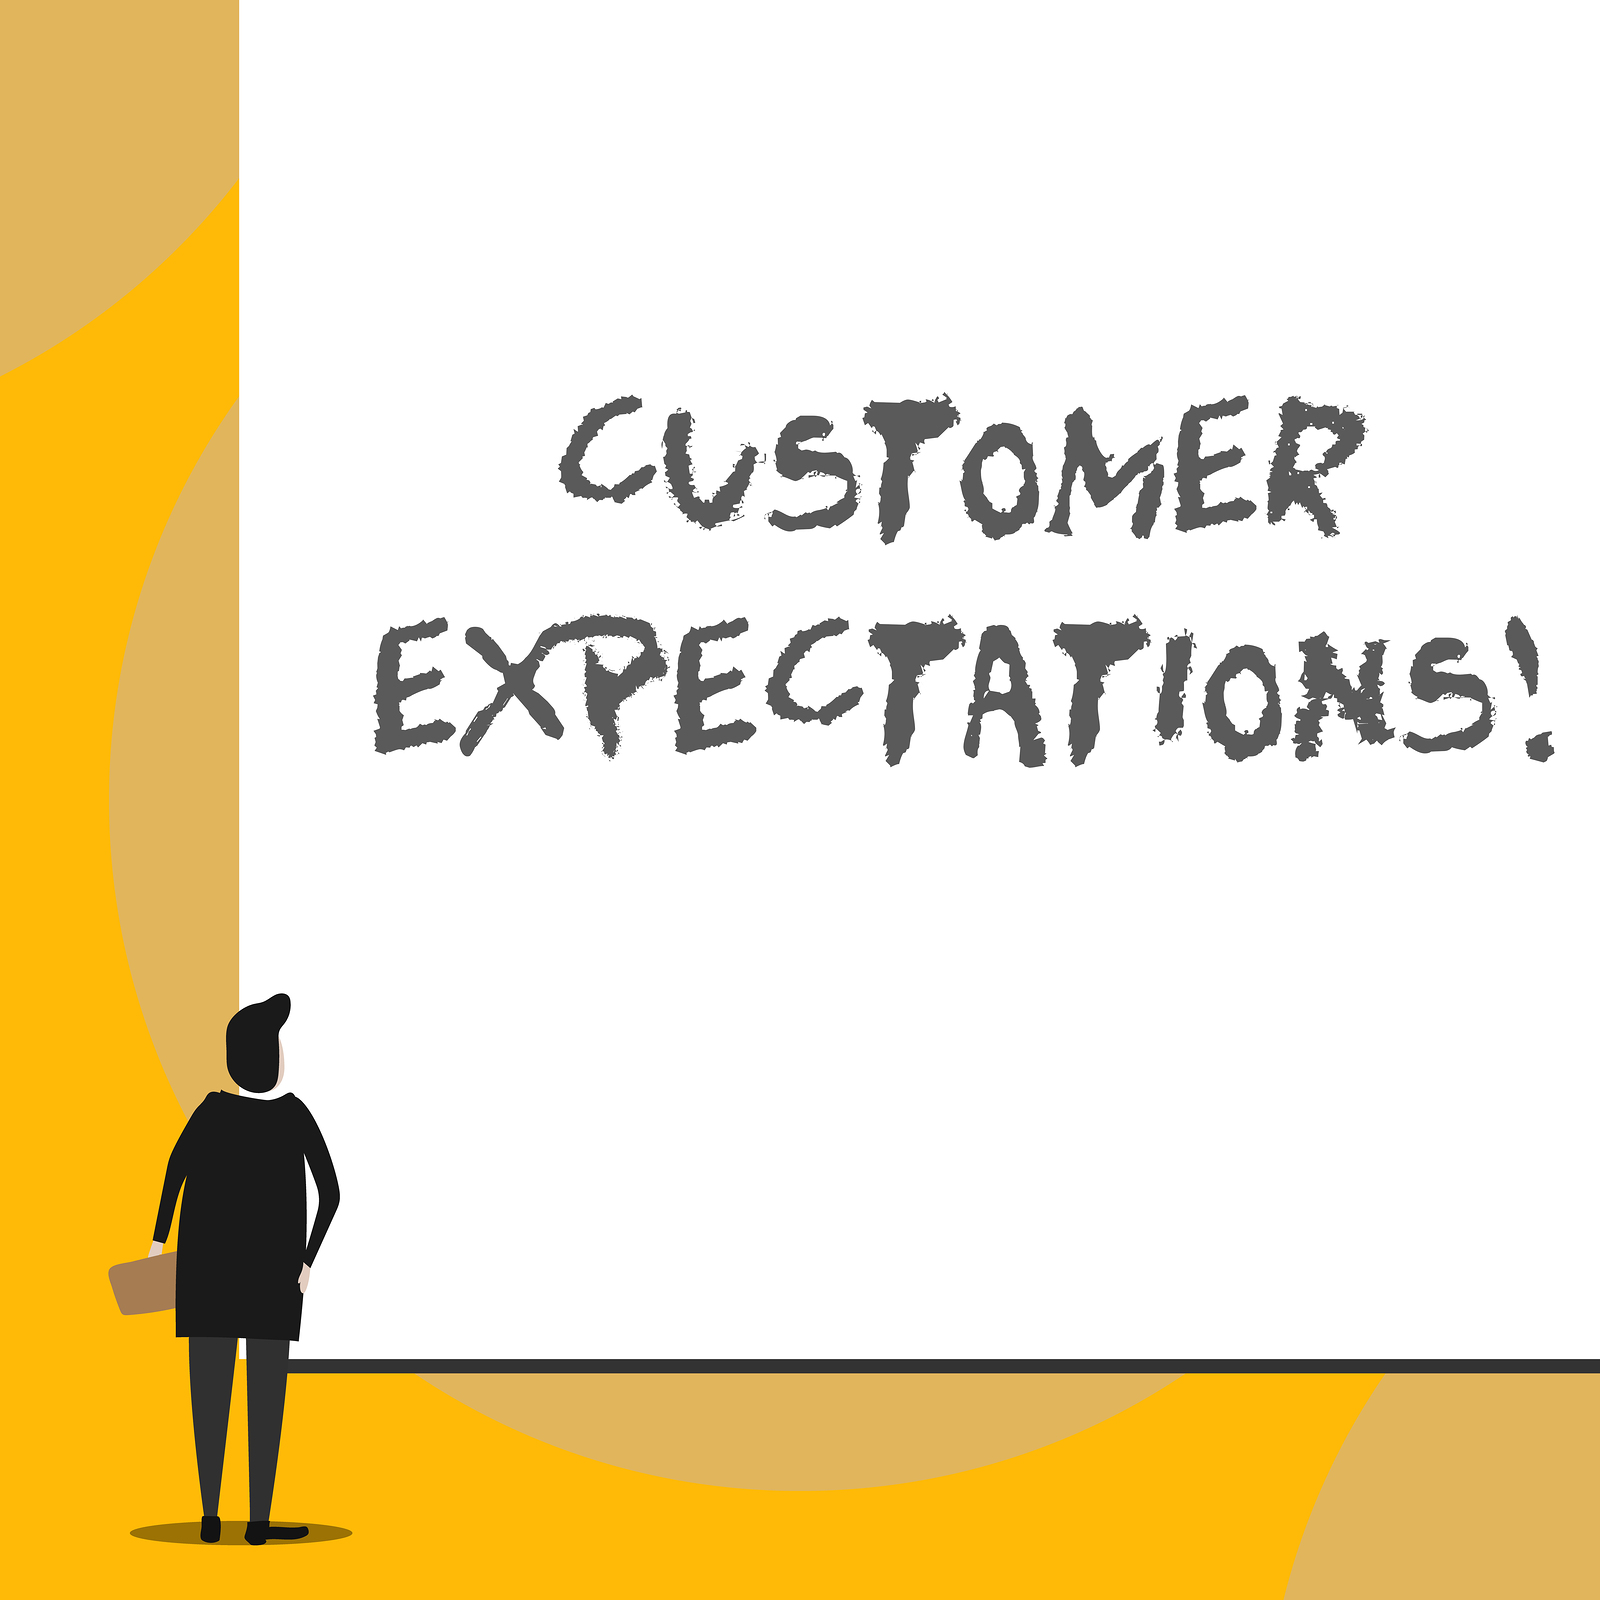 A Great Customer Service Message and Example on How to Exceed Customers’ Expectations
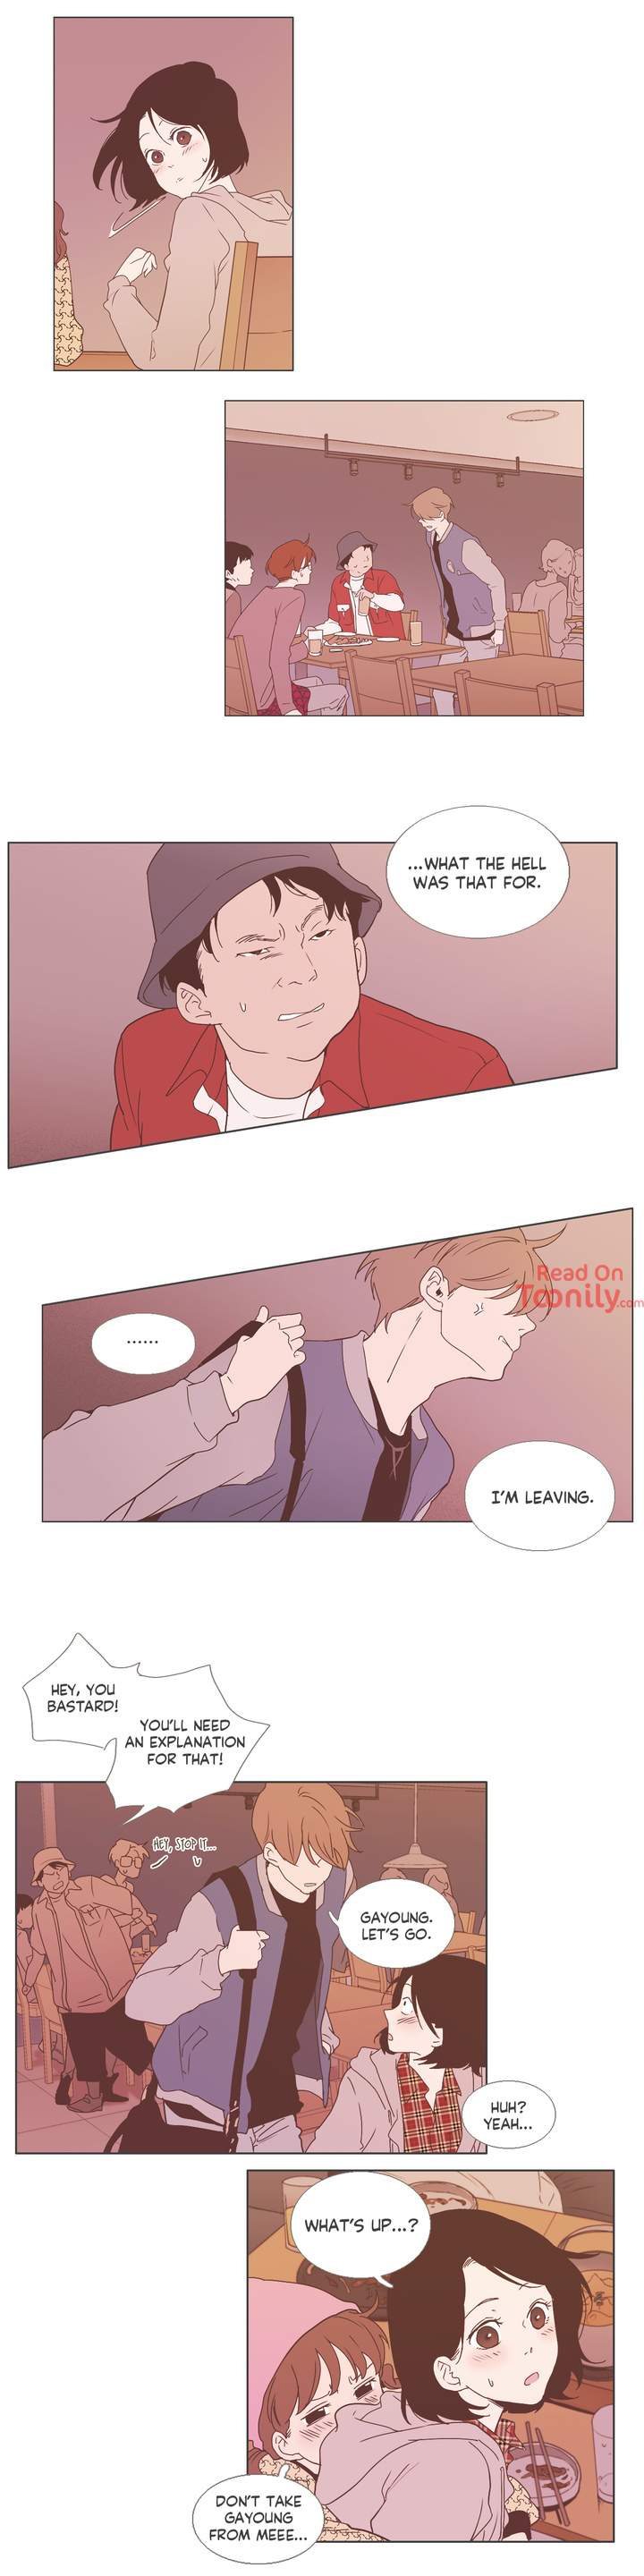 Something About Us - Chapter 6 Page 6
==
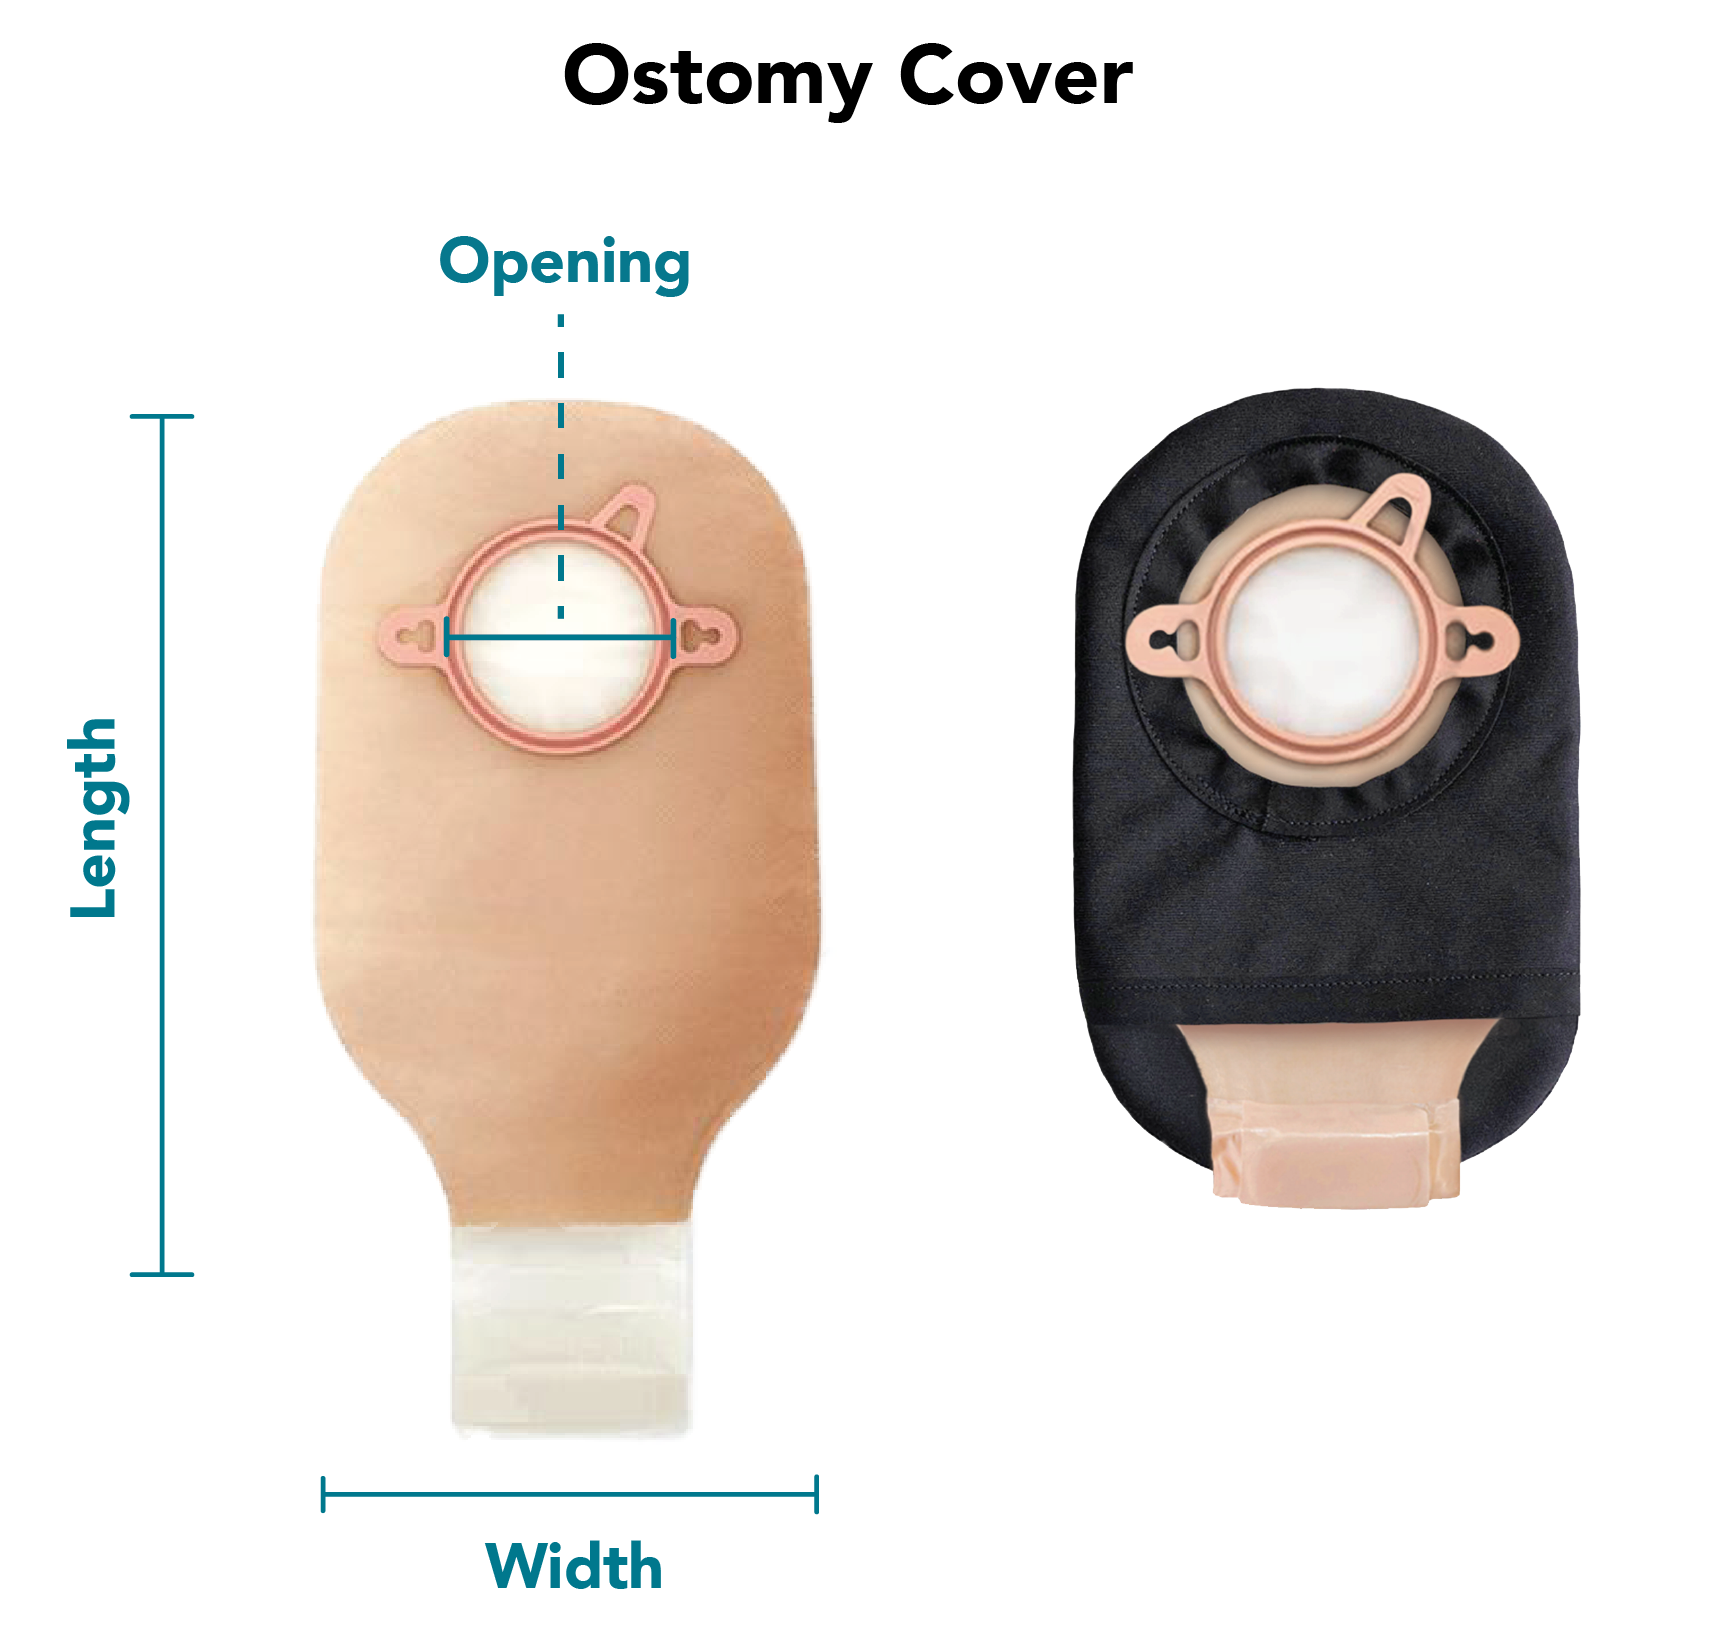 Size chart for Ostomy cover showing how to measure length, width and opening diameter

(About this task):
Please set down, exactly and with no pictures, the lines in the entries above starting at the one holding "A Great Customer" and ending at the one holding "Something About Us - Chapter 6 Page 6", ends included.

(Task result):
 A Great Customer Service Message and Example on How to Exceed Customers’ Expectations
 Something About Us - Chapter 6 Page 6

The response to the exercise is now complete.